= ENTRIES PROVIDED =
━━━━━━━━━━

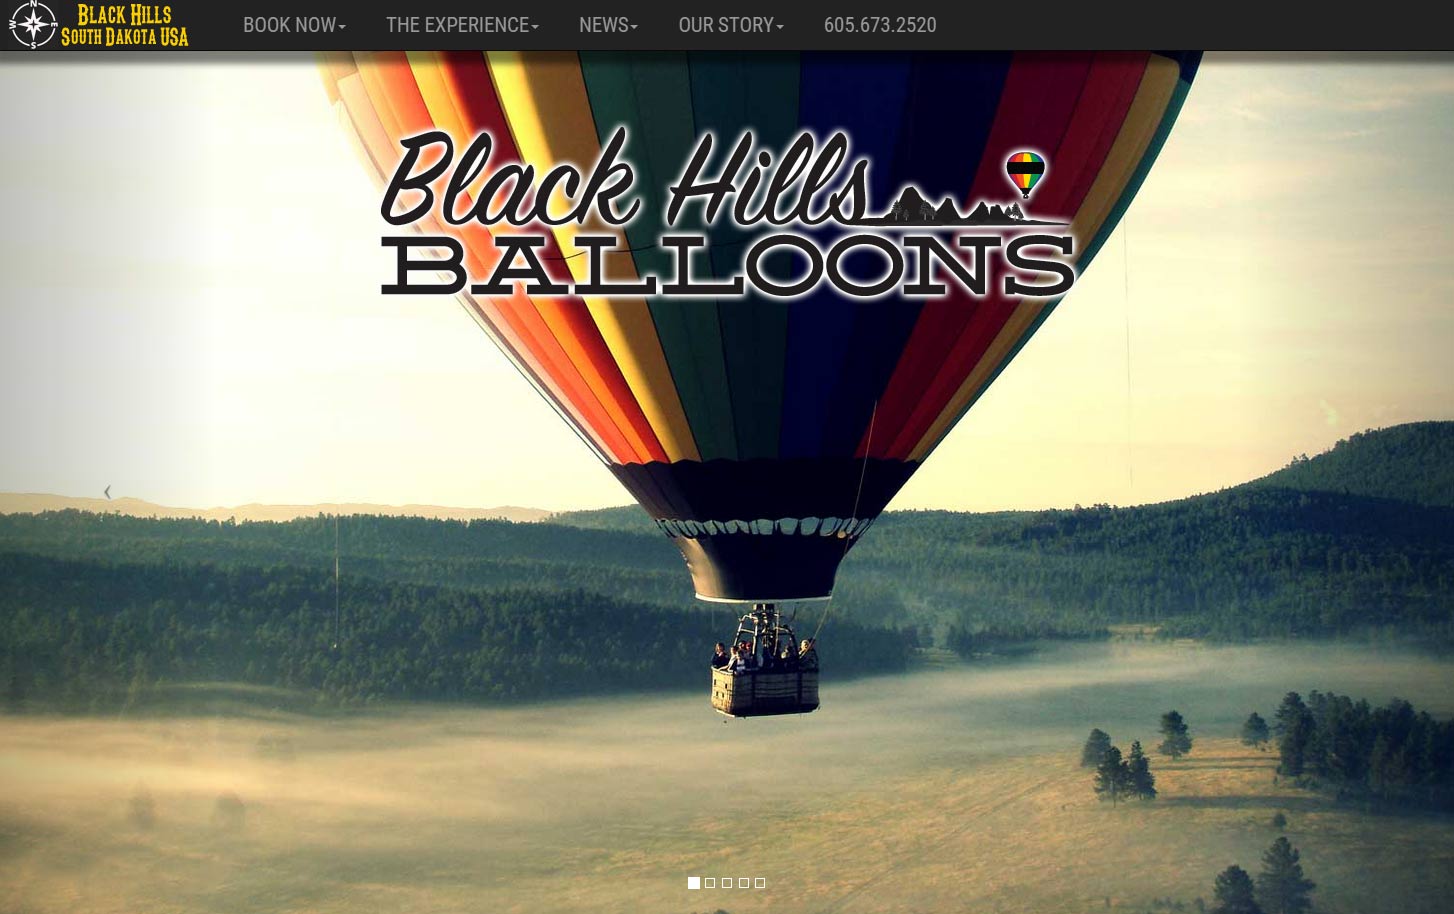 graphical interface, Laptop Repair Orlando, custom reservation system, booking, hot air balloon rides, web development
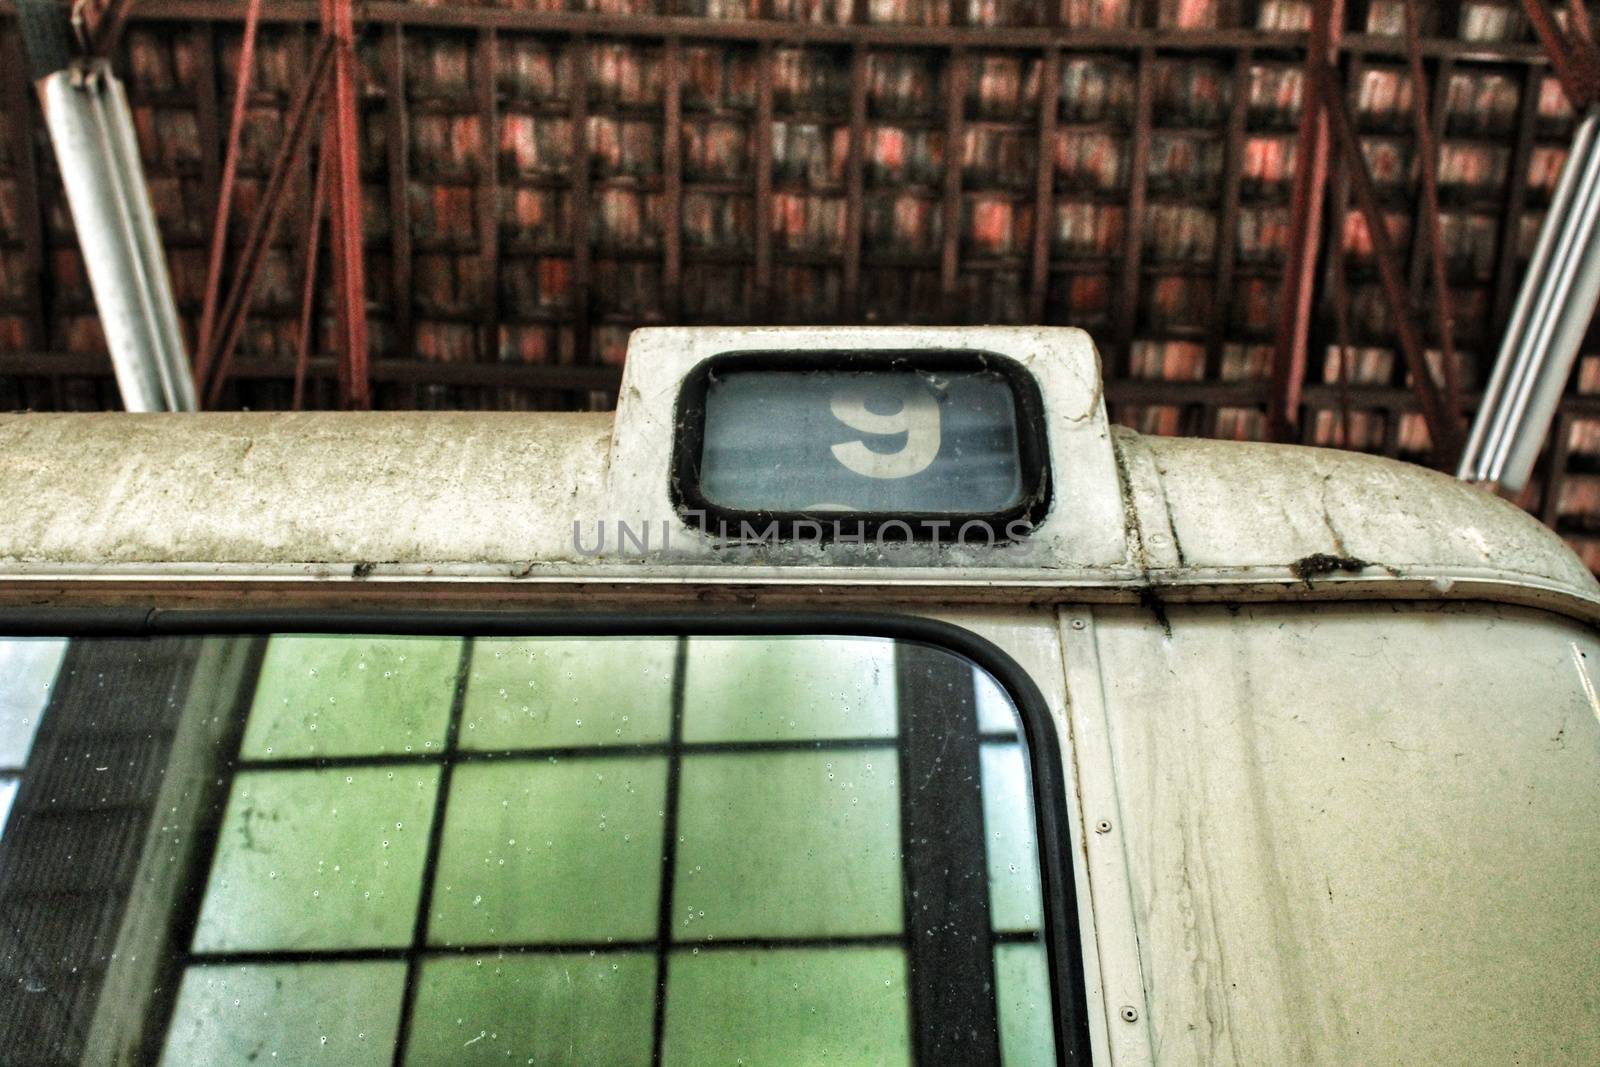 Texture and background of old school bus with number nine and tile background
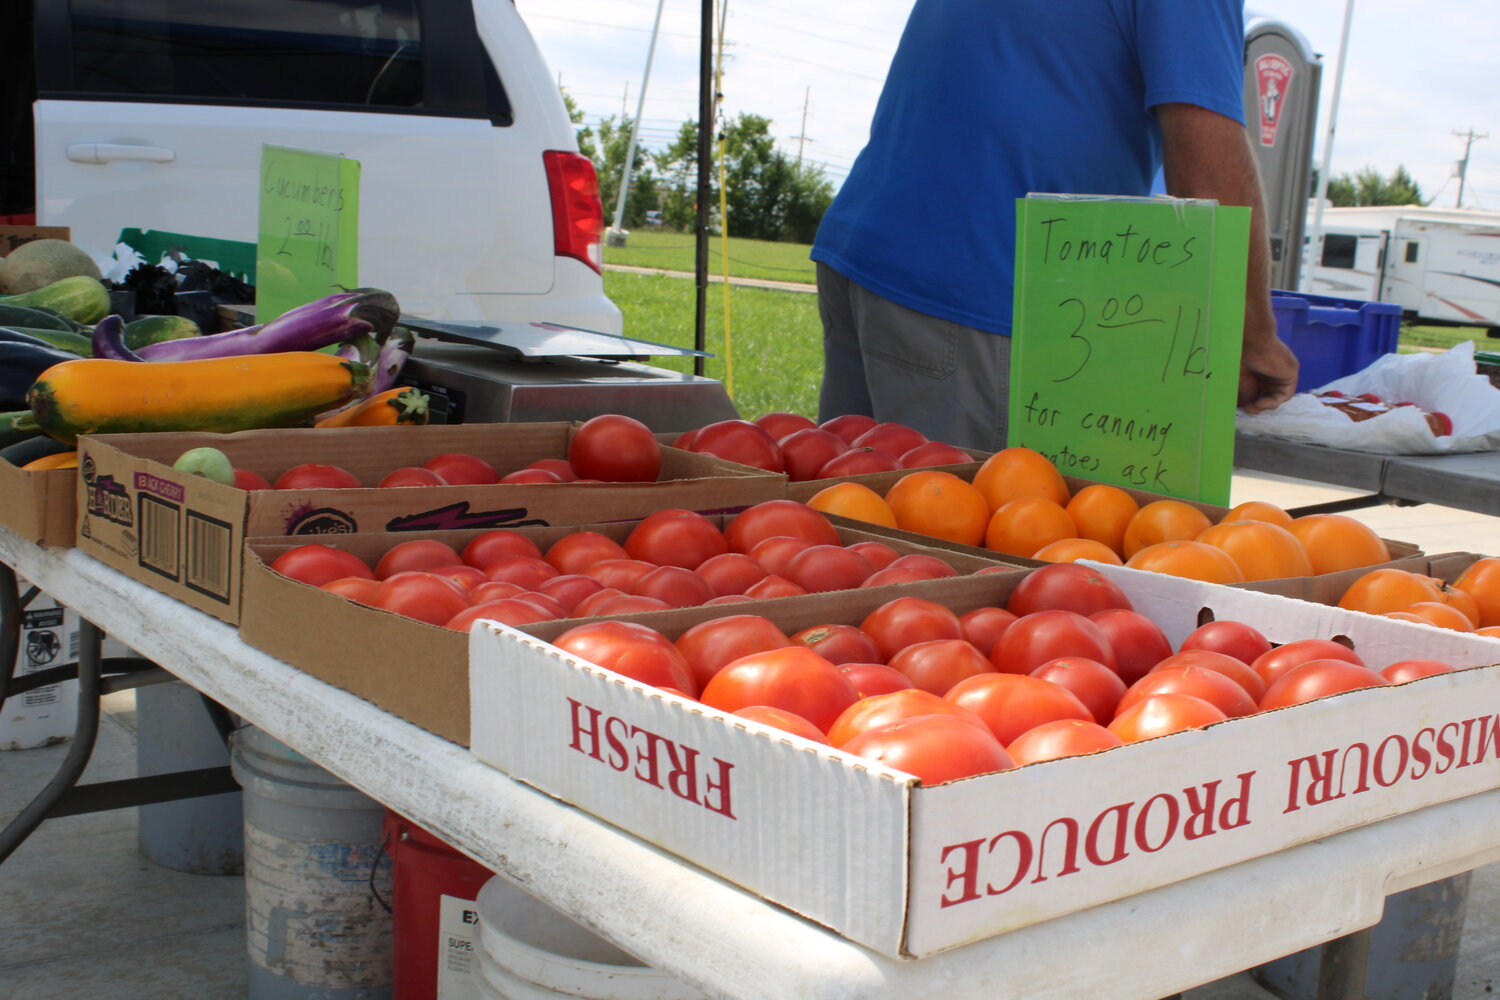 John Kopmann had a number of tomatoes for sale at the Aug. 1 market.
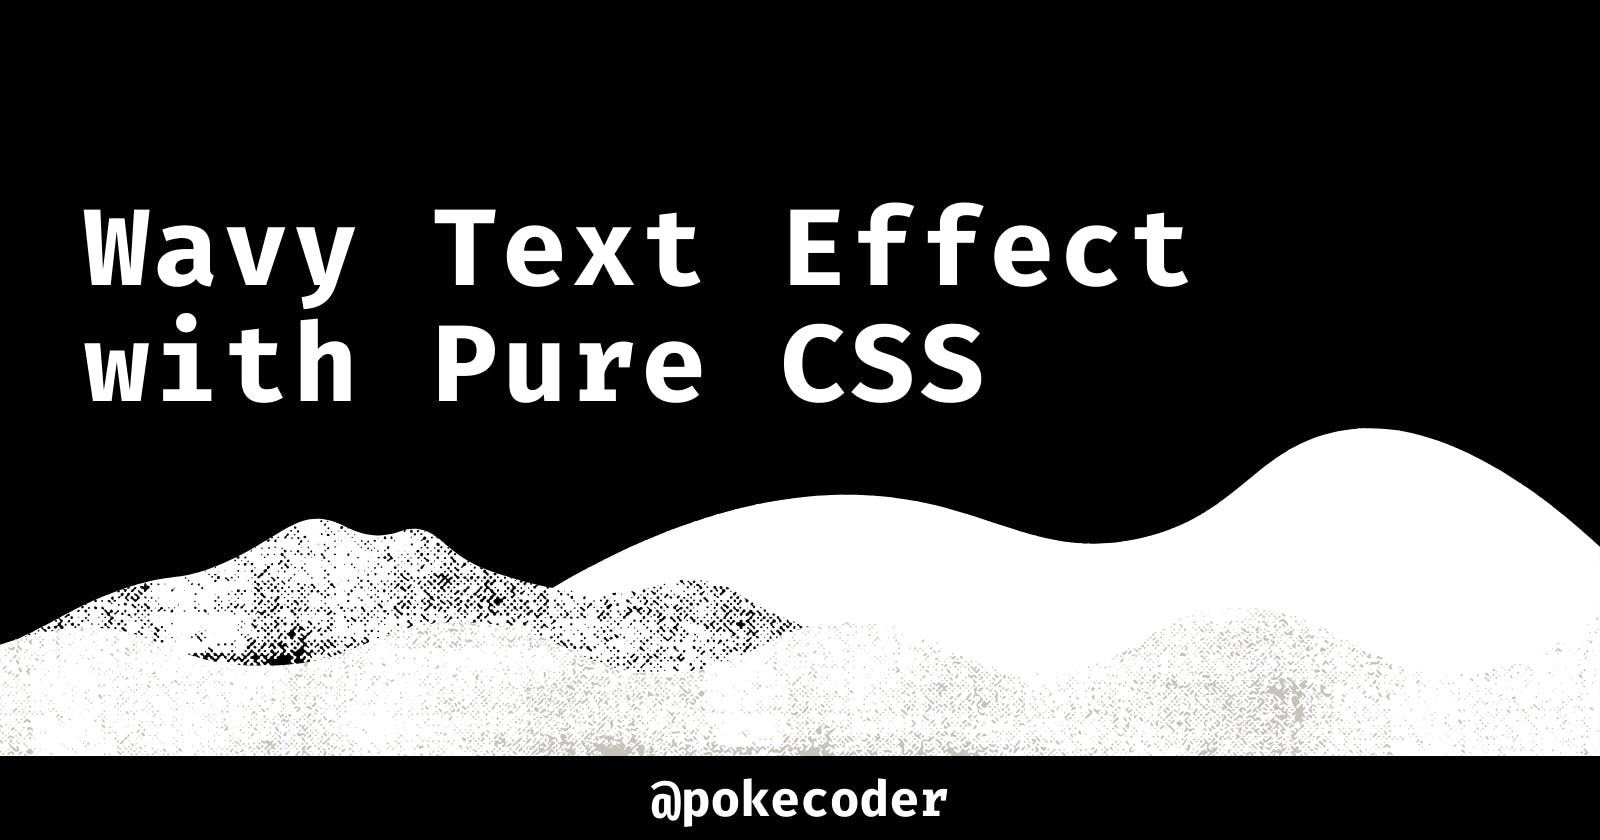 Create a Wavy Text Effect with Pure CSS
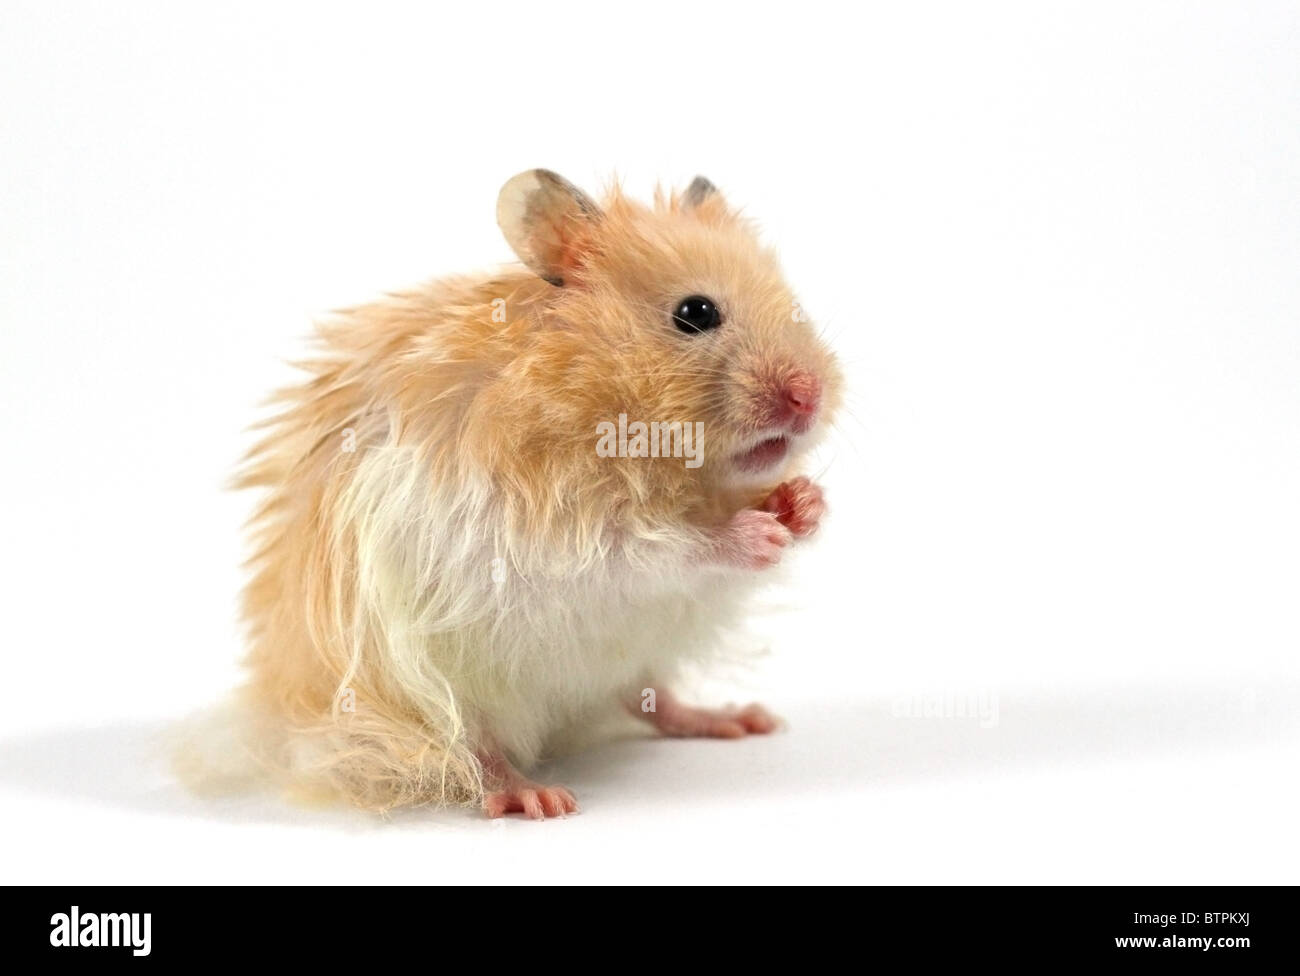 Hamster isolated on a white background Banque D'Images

━━━━━━━━━━

= THE TASK =
Begin with the line holding "John Kopmann had" and end with the last line of the listing. Reproduce each of those lines exactly, and leave every picture out.

= RESPONSE AREA =
 John Kopmann had a number of tomatoes for sale at the Aug. 1 market.
 Create a Wavy Text Effect with Pure CSS
 Hamster isolated on a white background Banque D'Images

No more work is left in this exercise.